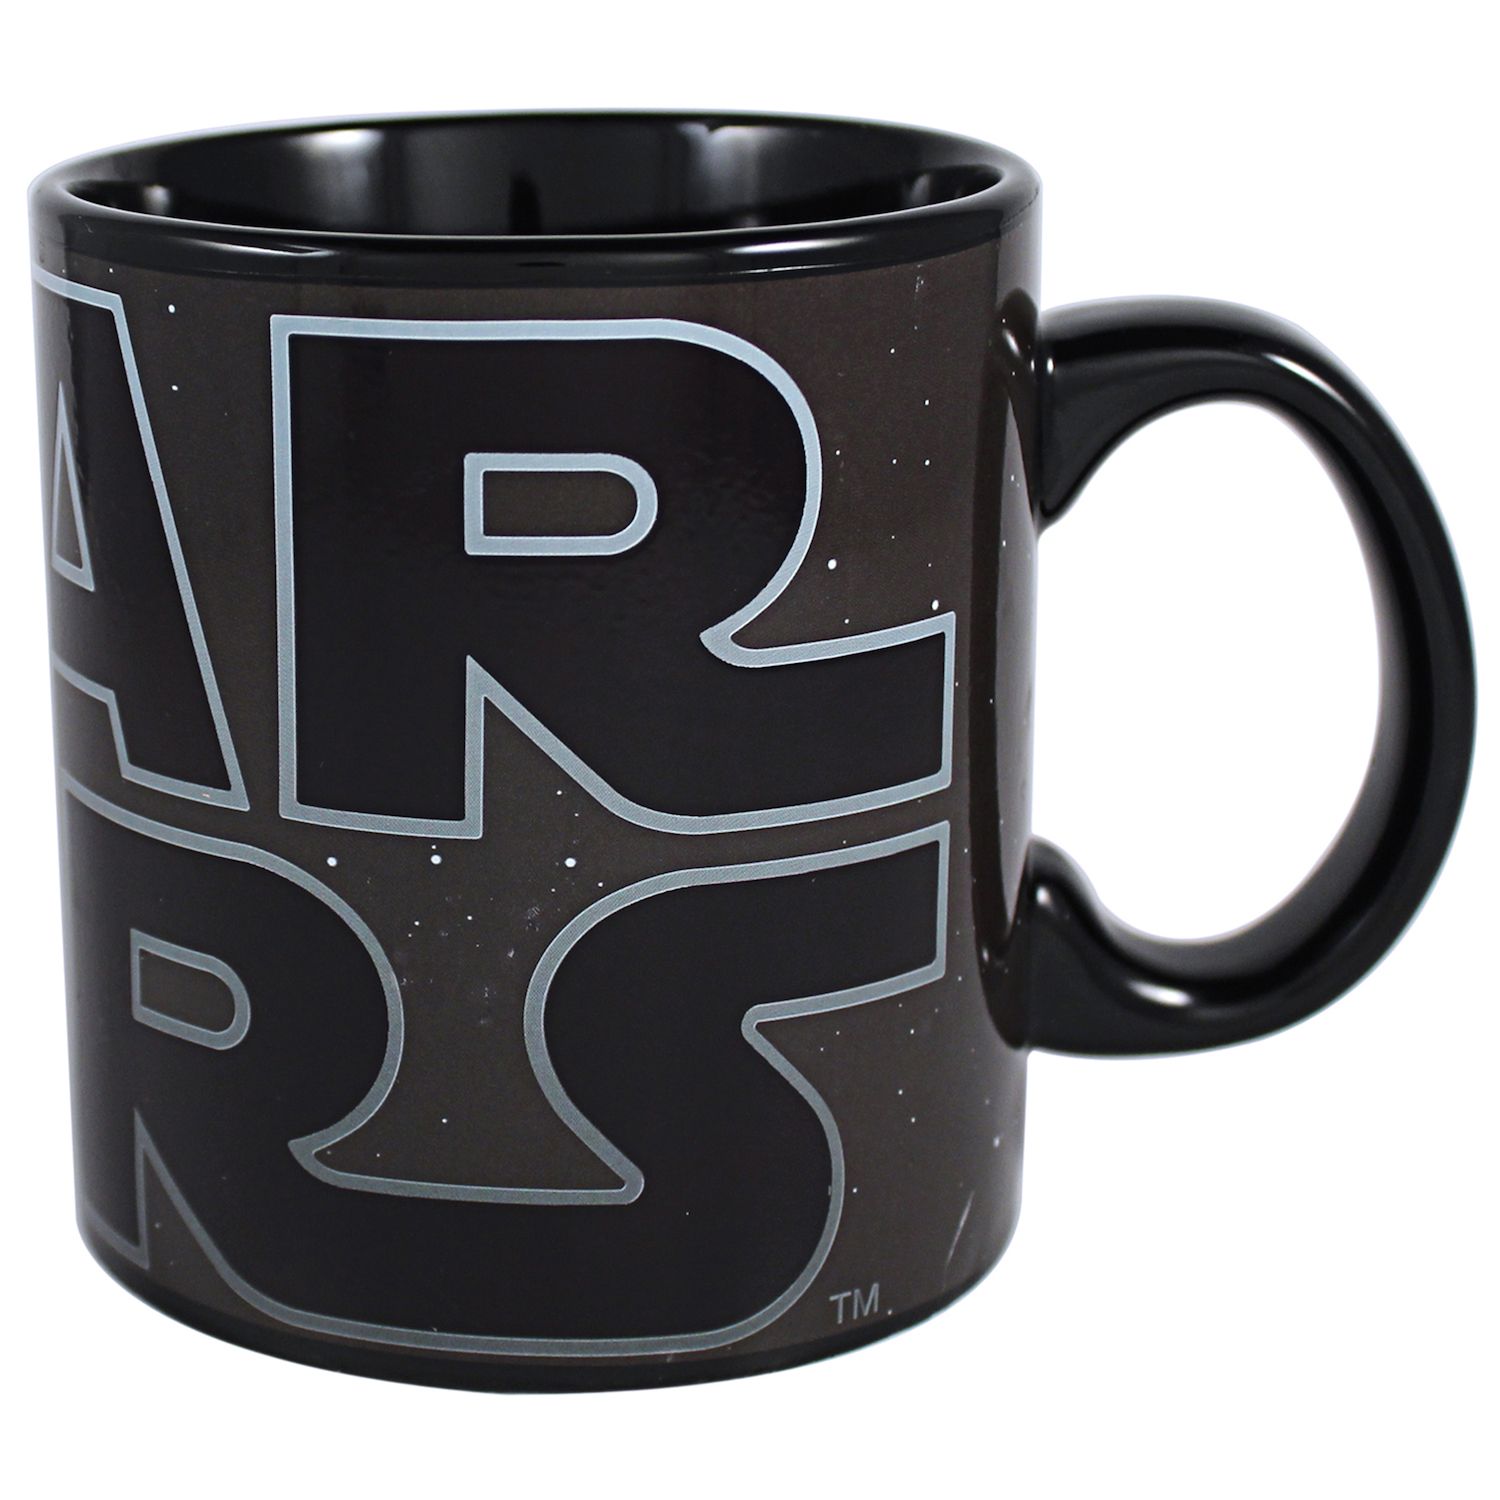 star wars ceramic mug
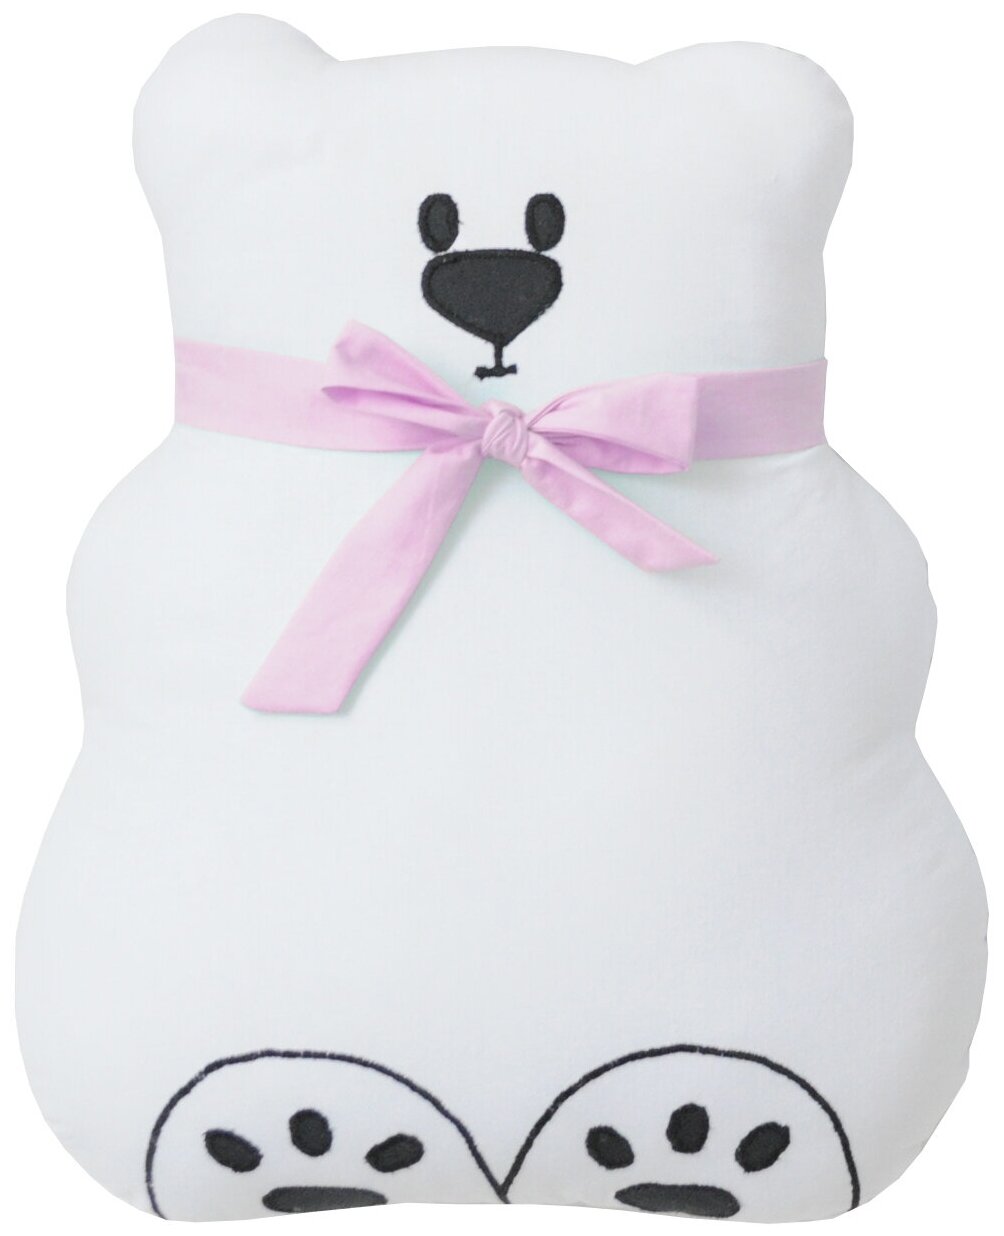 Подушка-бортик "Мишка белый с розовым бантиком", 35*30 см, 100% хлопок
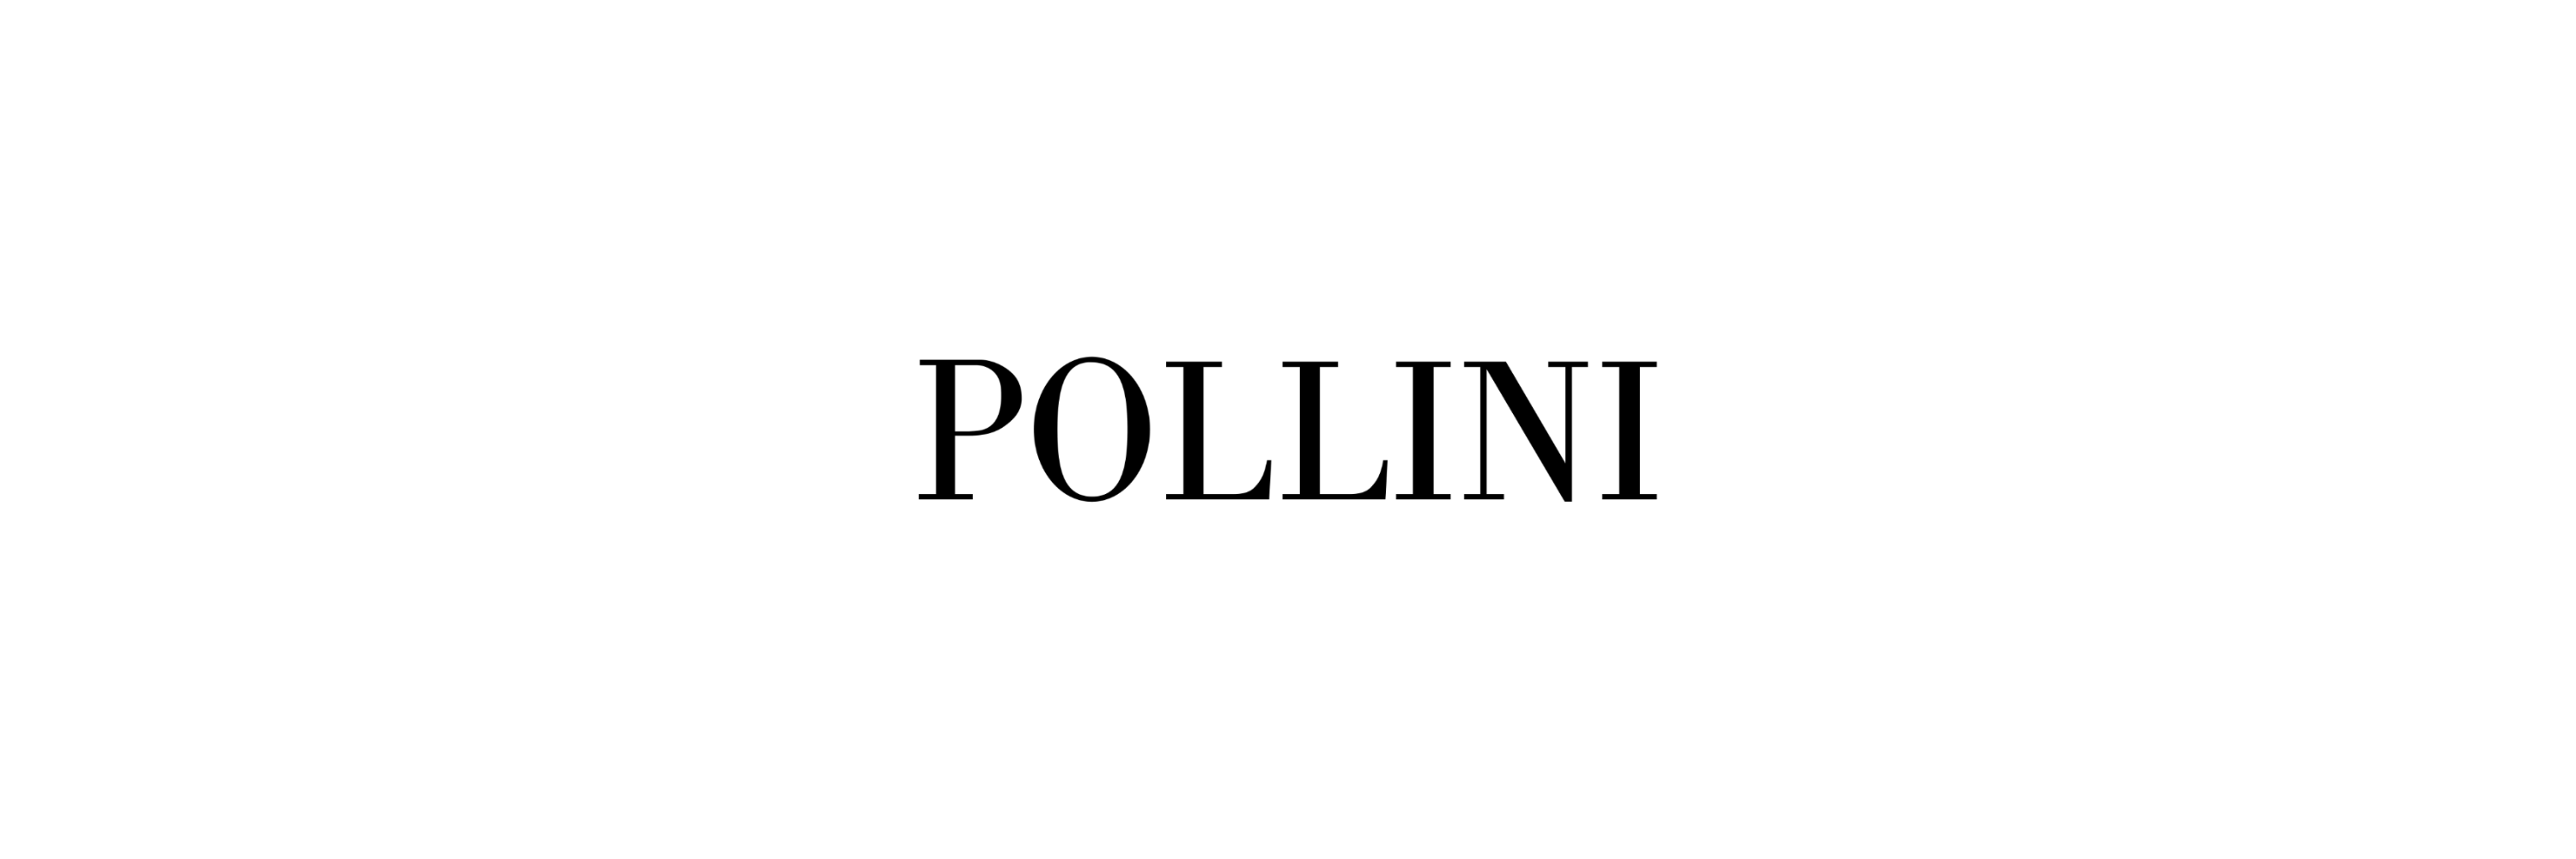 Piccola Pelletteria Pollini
*****
--- Task to complete ---
The expected output is every line from the line where "см, 100% хлопок" appears to the final line of the material, unchanged and with no pictures.

--- Exercise result ---
 Подушка-бортик "Мишка белый с розовым бантиком", 35*30 см, 100% хлопок
 Piccola Pelletteria Pollini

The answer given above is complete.